In the webinar, we talked to Mr. Laney to get deeper insights into the key value drivers that make data extraction from unstructured document sources a vital task and how it can help streamline document processing.
Live Q&A Session with Douglas Laney on Data Extraction Automation
Host: Modern organizations are producing more and more data with time. It has been repeatedly stated that data is the currency of the future, so what are your thoughts on that? What value does data bring to an enterprise?

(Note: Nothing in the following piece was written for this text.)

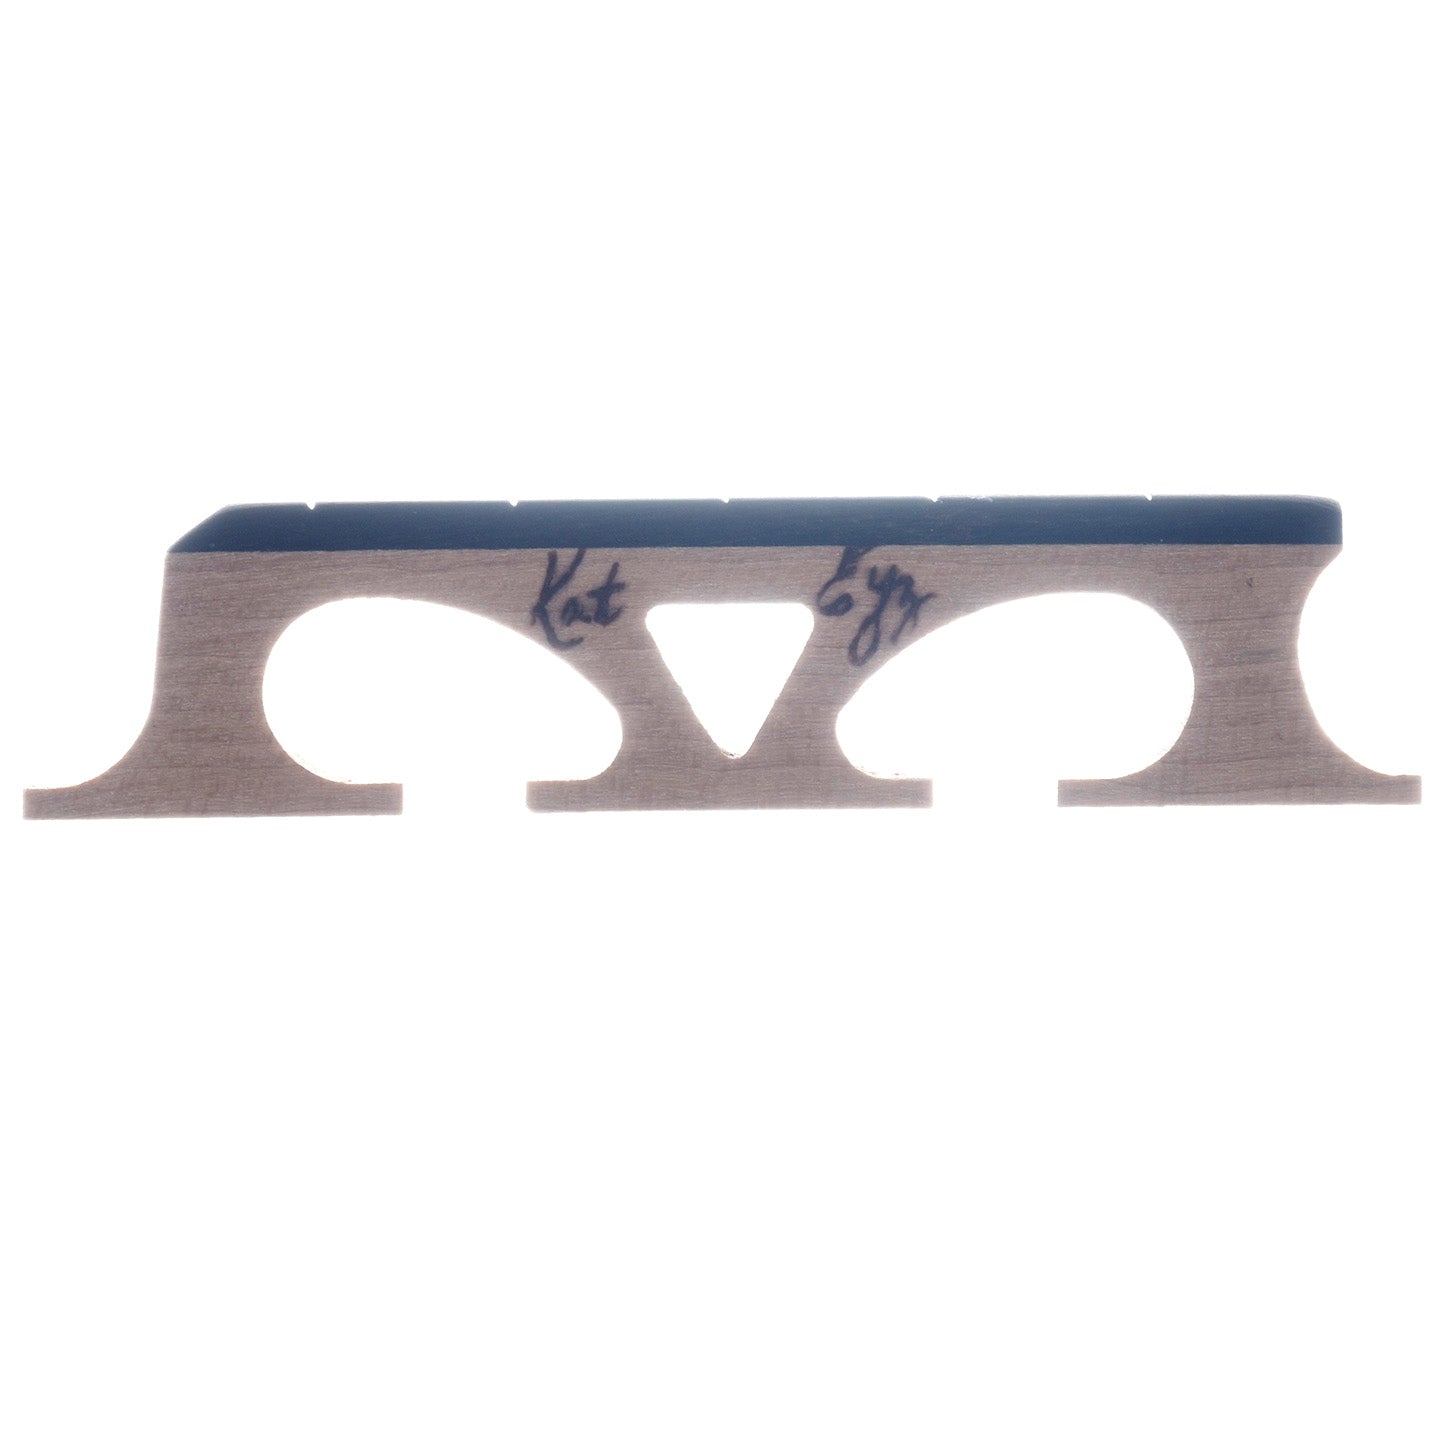 Image 2 of Kat Eyz Old Wood Banjo Bridge, Crowe Spaced, .656" High - SKU# KEBB1-CR-656 : Product Type Accessories & Parts : Elderly Instruments

Douglas Laney: That’s a good question! You know, interestingly, information has always been a currency of sorts. Kings paid handsomely for information, for example, about their enemies’ troop movements. Even the term business intelligence was coined almost a century and a half ago by Richard Devins and Sinclair Hamilton in their 1865 book, The Encyclopedia of Commercial and Business Anecdotes, in which they recount how a gentleman named Sir Henry Furness was rewarded handsomely, including being given a diamond ring by King William for bringing him the news on battles throughout Holland and Flanders and France. The first credit bureaus were paid by banks in the early 1900s for compiling information and anecdotes about the repayment propensities of businessmen.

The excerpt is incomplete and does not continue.